Robert Bolling (August 17, 1738 - July 21, 1775) was an American planter, poet and politician.

==Early life and education==
Born to the former Elizabeth Blair (daughter of Archibald Blair) and her husband John Bolling (1700-1757) at Varina plantation in Henrico County, Virginia. His father at various times served as burgess for Goochland County, Hnerico County and Chesterfield County. His elder half brother John represented Goochland county and later Chesterfield County. In 1751, his father sent the 13-year old across the Atlantic Ocean for his education at the Free Grammar School of Queen Elizabeth in Wakefield, England. Beginning in 1755 young Bolling studied law at the Middle Temple. However, he returned to Virginia to complete his legal studies under Benjamin Waller at the colony's capital in Williamsburg. He had at least two brothers, Edward Bolling (who died in 1770) and Archibald Bolling (who later sued him over Edward's estate). Complicating matters, he had several contemporary relatives of the same name, including one who represented Dinwiddie County in the House of Burgesses beginning in 1756 and again beginning in 1765, and another who married the widow of John Bland in 1779.

==Personal life==
For most of 1760, Bolling courted Anne Miller, a distant cousin, but she sailed to Scotland with her father and later married Sir Peyton Skipwith. In 1763, Bolling married Mary Burton of Northampton County (1749-1764), but she died two days after giving birth to their daughter. He then in 1765 married Susanna Watson of Amherst County, who bore two sons and two daughters.

==Career==
Upon his father's death in 1757, Bolling inherited his father's Cobbs plantation in Chesterfield County and lived there while building a house he called Chellowe, further west in the part of Albemarle County that became Buckingham County, Virginia in 1761. Both were tobacco plantation operated with slave labor.

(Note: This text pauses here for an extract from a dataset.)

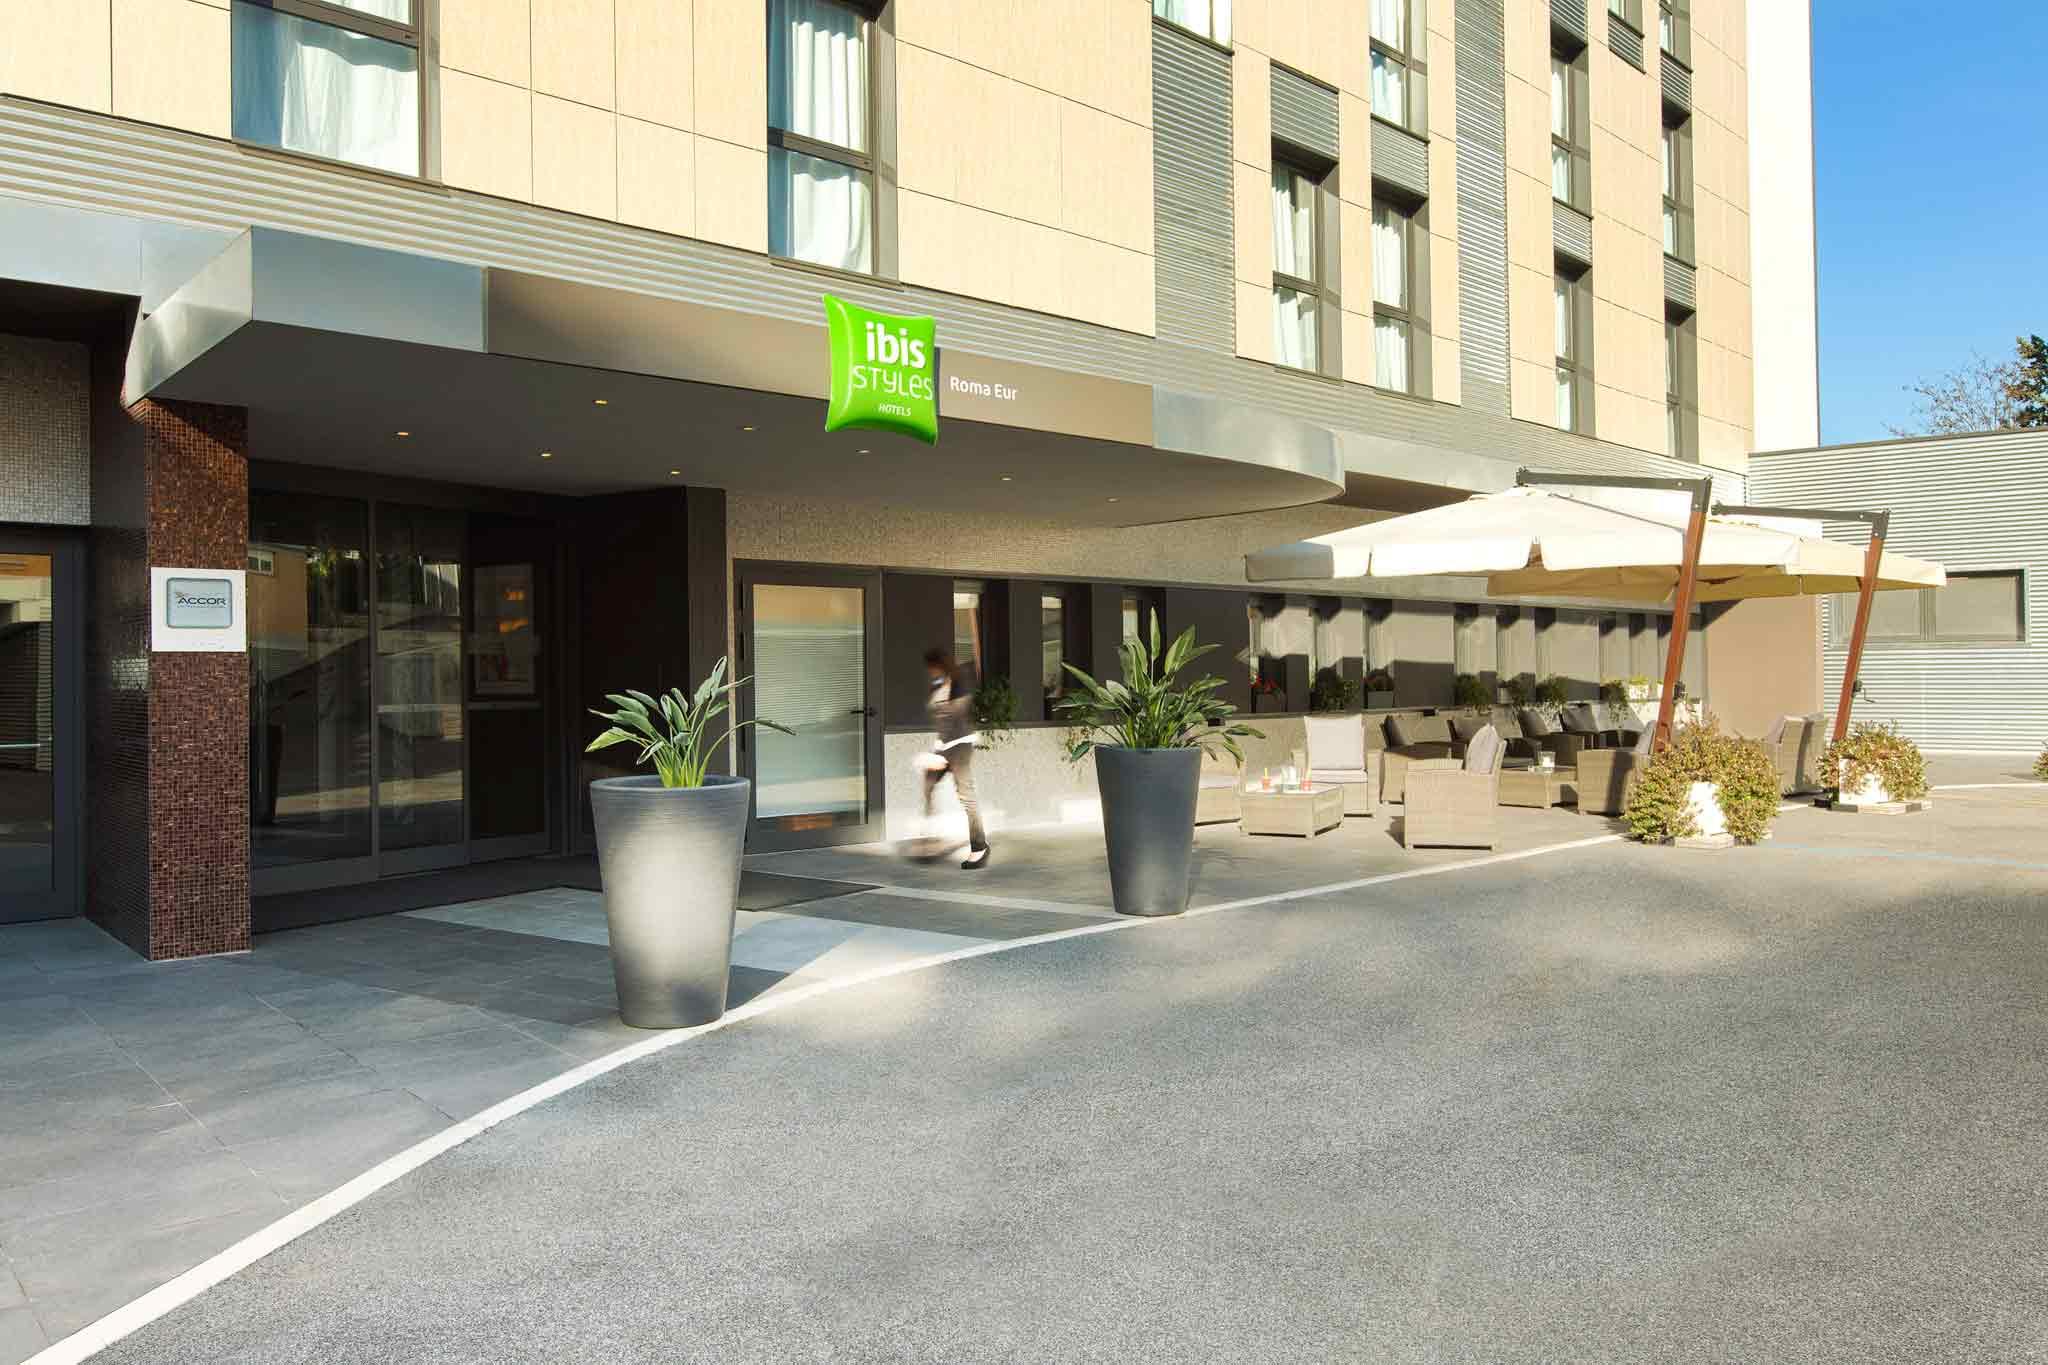 Hotel - ibis Styles Roma Eur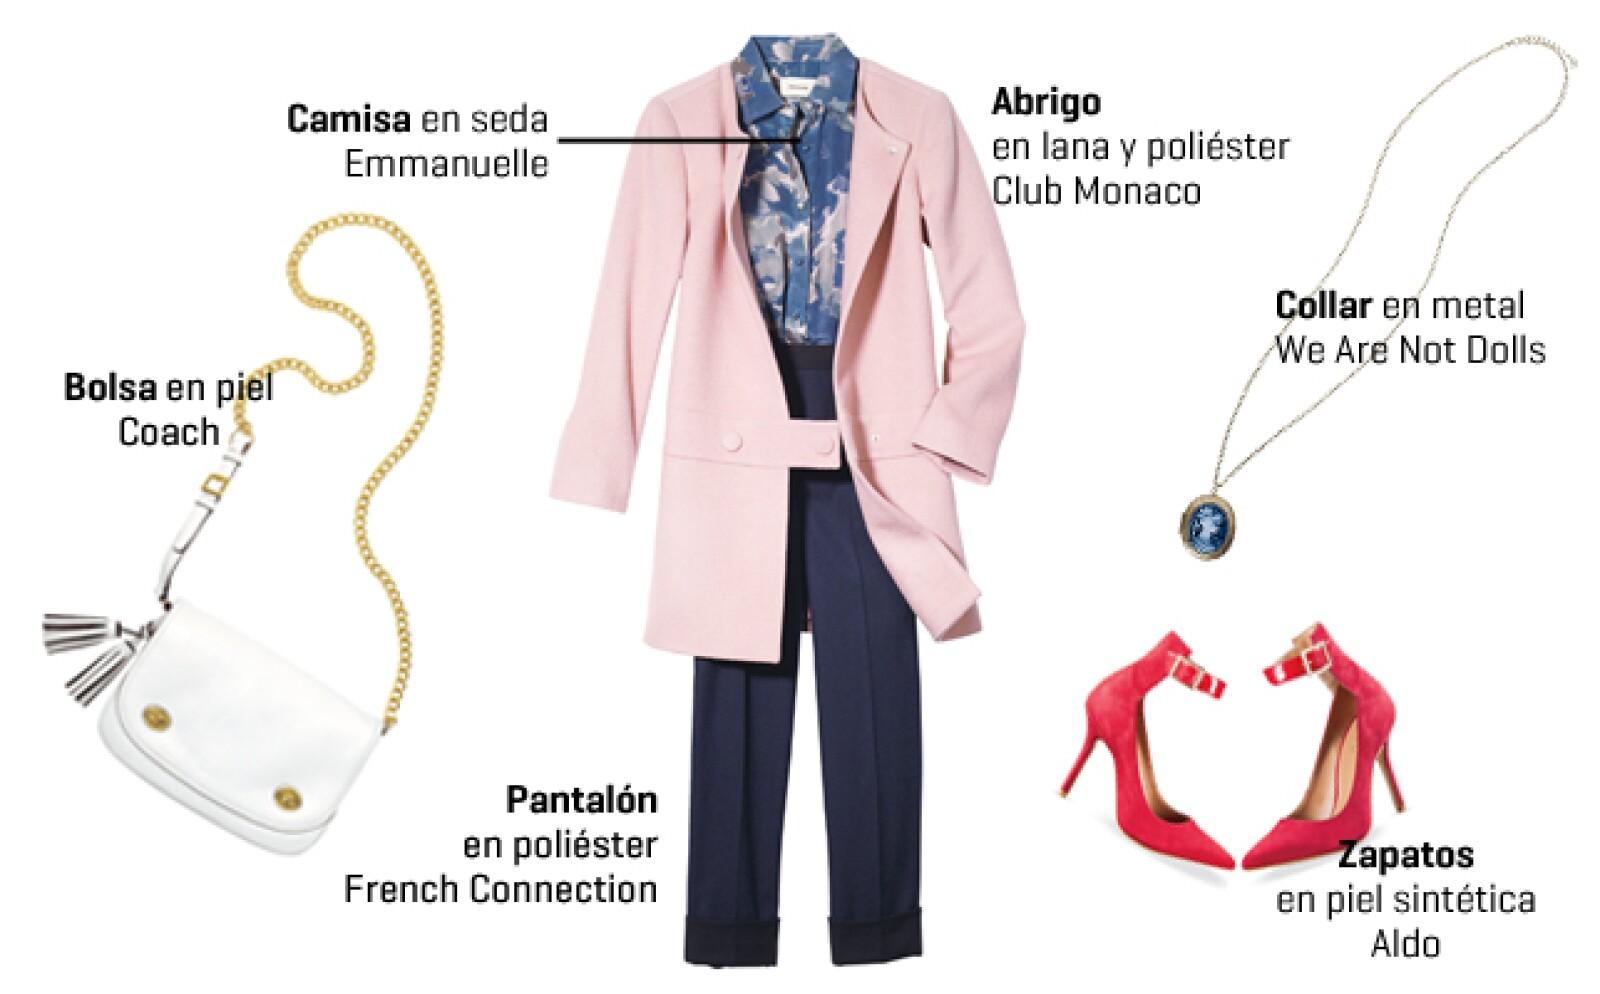 Si te gusta innovar con tu guardarropa, entonces prueba con un abrigo de corte simple, en tono palo de rosa. Úsalo con pantalón y blusa en color oscuro para lucir elegante. Complementa con accesorios en colores llamativos.

Bolling was known for his language skills, and also received an award of 50 pounds sterling a year from the House of Burgesses in 1773, perhaps based on an essay about wine making which was published in Purdie and Dixon's Williamsburg Virginia Gazette on February 25, 1773. Though Bolling published at least 35 poems in British periodicals during his lifetime, more poetry than any other American colonist at the time, most of his works remained in manuscript, and remain unpublished to this day. Williamsburg newspapers published much of his poetry, including one acknowledging the arrival of Lord Botetourt to become the colony's governor in 1768, and another on the deaths of Virginia militiamen at the Battle of Point Pleasant in 1775. Bolling wrote poetry in Italian, French and Latin as well as English. A later Robert Bolling (descendant of his brother) also translated and published in a family history entitled A Memoir of a Portion of the Bolling Family in England and Virginia; it was originally written in French.

Bolling was one of newly created Buckingham County's first two representatives in the House of Burgesses, and by 1774 was the second most senior member of the Buckingham County Court (having served since its creation in 1761). Over his objections, Buckingham voters elected him as the county sheriff in 1765. That may have precluded him from further legislative service, or he may have been defeated for re-election. Bolling had physically left the House of Burgesses before the last 1765 session (famous for Patrick Henry's presentation of the Virginia Resolves against the Stamp Act) in order to travel to Amherst County to marry. Bolling also was involved in controversies, such as satirizing the preaching of Rev. George Whitefield in April 1765 and questioning the General Court's favoritism toward John Chiswell (who was on trial for murder), which led to a libel lawsuit against him by William Byrd (1728-1777) after a grand jury refused to indict Bolling, and both men were jailed after they had agreed to a dual (which was illegal).

Bolling led the county's militia with the rank of colonel by 1773.

==Death and legacy==
When Virginia's governor Lord Dunmore suspended the legislature, Bolling became one of the county's delegates to the Third Virginia Convention held in July–August 1775. Although he was present when the convention convened, he died suddenly four days later, possibly of a heart attack, in Richmond, Virginia. In 1787, his estate was still in existence, with William Newton as overseer, although not tithable, and owned eight enslaved adults and eleven enslaved children, as well as five horses and 25 cattle. His papers are now owned by the University of Virginia and the Huntington Library.